X-Proxy-Cache

The HTTP X-Proxy-Cache response header is an unofficial HTTP header added by reverse proxies to indicate the cache status of a response.

Note

The "X-" naming convention for HTTP headers, "X" referring to "experimental", has been deprecated and needs to be transitioned to the formal naming convention for HTTP headers.

Usage

Reverse proxies like Nginx, Varnish, and other Caching layers add the X-Proxy-Cache header to responses to report whether the content was served from cache or fetched from the origin server. The header name varies by configuration. Nginx exposes the $upstream_cache_status variable, and administrators commonly map this variable to X-Proxy-Cache or X-Cache-Status using the add_header directive.

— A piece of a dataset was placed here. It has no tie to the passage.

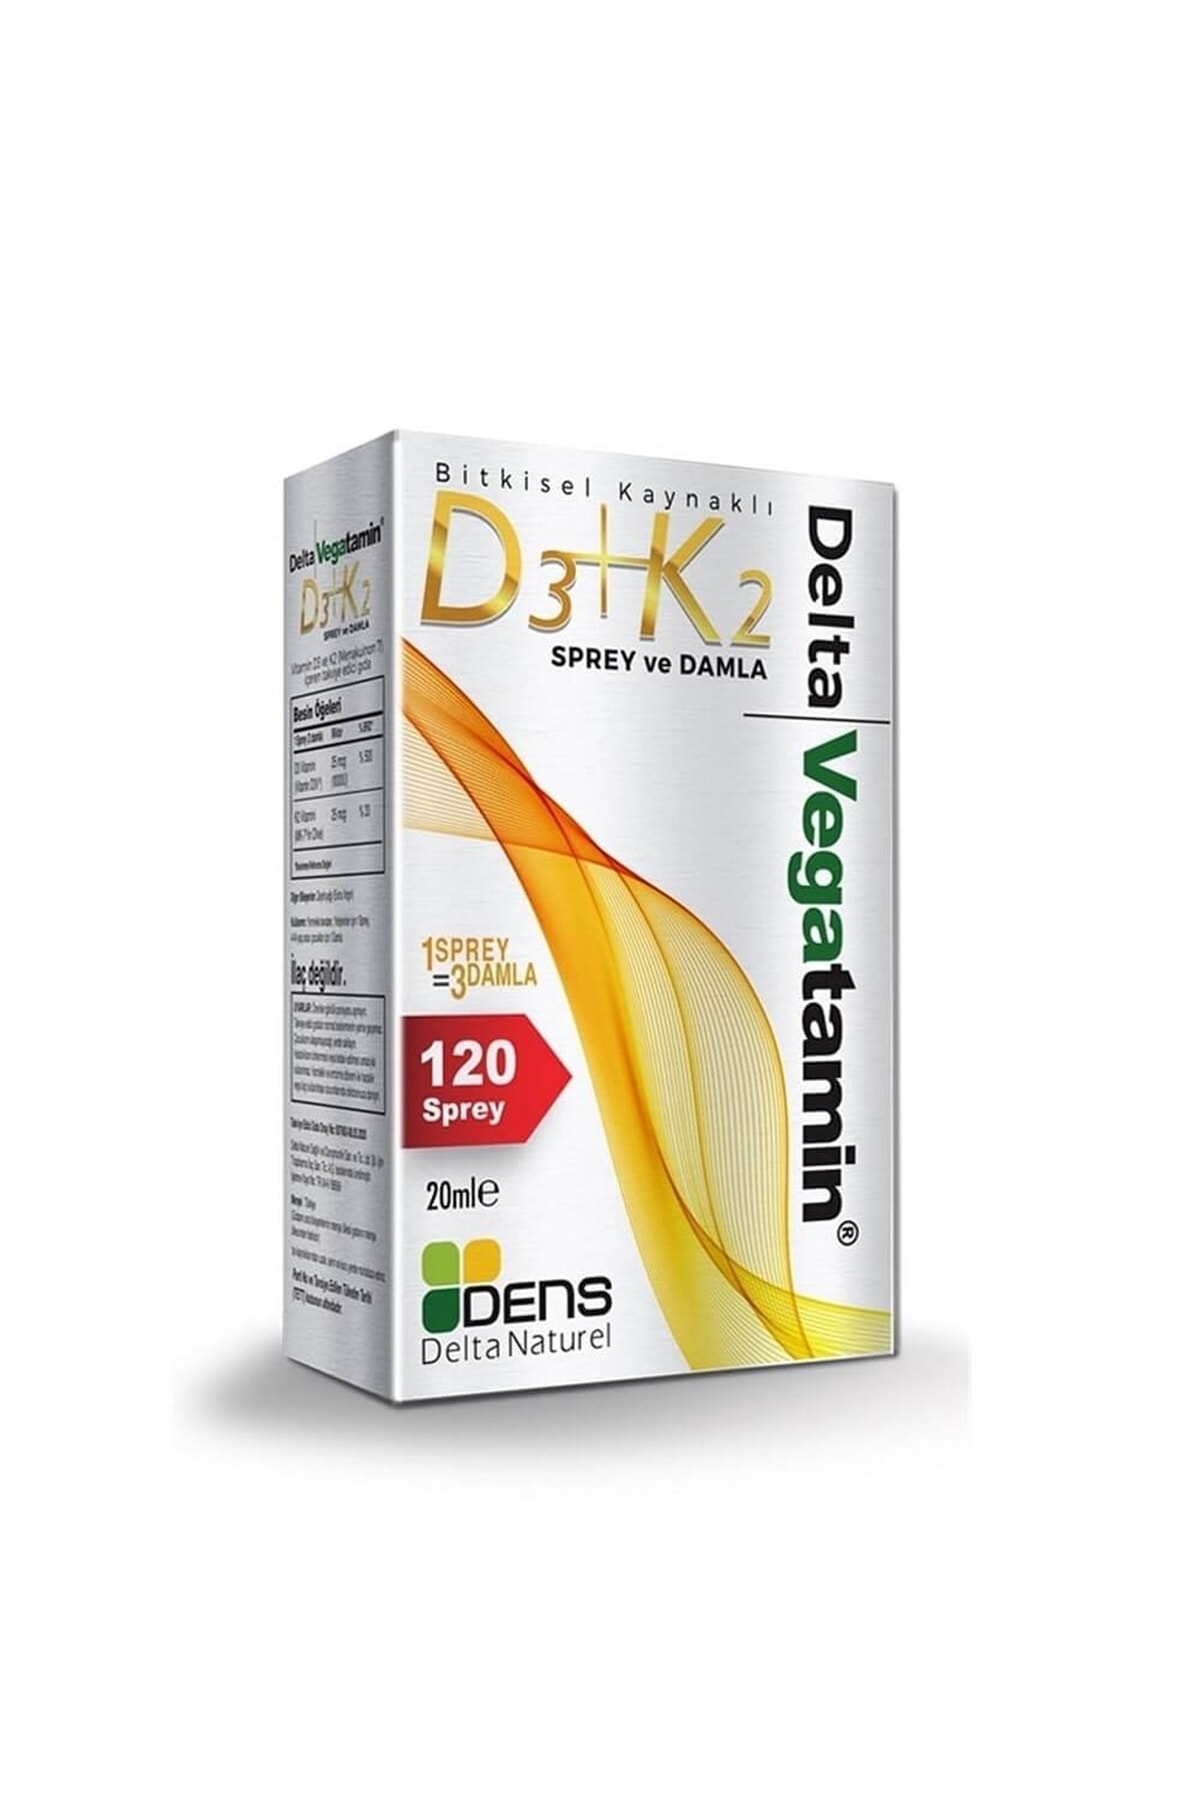 Dens Delta Naturel Vegatamin Vegan D3+k2 Sprey - Damla 20ml

The header carries a single keyword value describing what happened when the proxy checked its cache. This makes cache debugging straightforward. A HIT confirms the proxy served stored content. A MISS means the proxy forwarded the request to the origin. Other values like BYPASS, EXPIRED, and STALE describe specific caching scenarios.

Unlike X-Cache, which is associated with CDN providers like AWS CloudFront and Fastly, X-Proxy-Cache is more common on self-hosted infrastructure running Nginx or similar proxy software.

Values

HIT

The HIT value means the response was served directly from the proxy cache. The cached content was fresh and valid, so the origin server was not contacted.

MISS

The MISS value means the proxy had no cached copy of the requested resource. The response was fetched from the origin server and is typically stored in the cache for subsequent requests.

BYPASS

The BYPASS value means the proxy intentionally skipped the cache and fetched the response from the origin server. This happens when a request matches a proxy_cache_bypass rule in the proxy configuration, often triggered by specific Cookies, query parameters, or Cache-Control directives.

EXPIRED

The EXPIRED value means a cached copy existed but its freshness lifetime had passed. The proxy fetched a new response from the origin server. The updated content replaces the stale entry in the cache.

STALE

The STALE value means the proxy served an outdated cached copy because the origin server was not responding correctly. This behavior requires the proxy_cache_use_stale directive to be configured, allowing the proxy to fall back to stale content during origin failures.

UPDATING

The UPDATING value means the cached content is stale and currently being refreshed in the background. The proxy served the old copy to avoid making the client wait for the origin response. This requires both proxy_cache_use_stale updating and proxy_cache_background_update to be enabled.

REVALIDATED

The REVALIDATED value means the proxy sent a conditional request to the origin server using If-Modified-Since or If-None-Match headers. The origin confirmed the cached content was still current, and the proxy served the existing cached copy.

Example

A HIT means the proxy already had a fresh copy of the resource stored in its cache. The response was served without contacting the origin server.

X-Proxy-Cache: HIT

A MISS means the proxy had no cached copy. The response was fetched from the origin server and stored for future requests.

X-Proxy-Cache: MISS

An EXPIRED response indicates the cached entry had passed its freshness lifetime. The proxy fetched new content from the origin to replace the stale entry.

X-Proxy-Cache: EXPIRED

Takeaway

The X-Proxy-Cache header reports the cache status of a response from a reverse proxy. The single keyword value makes cache behavior immediately visible in response headers, simplifying debugging for operators running Nginx, Varnish, or similar proxy software.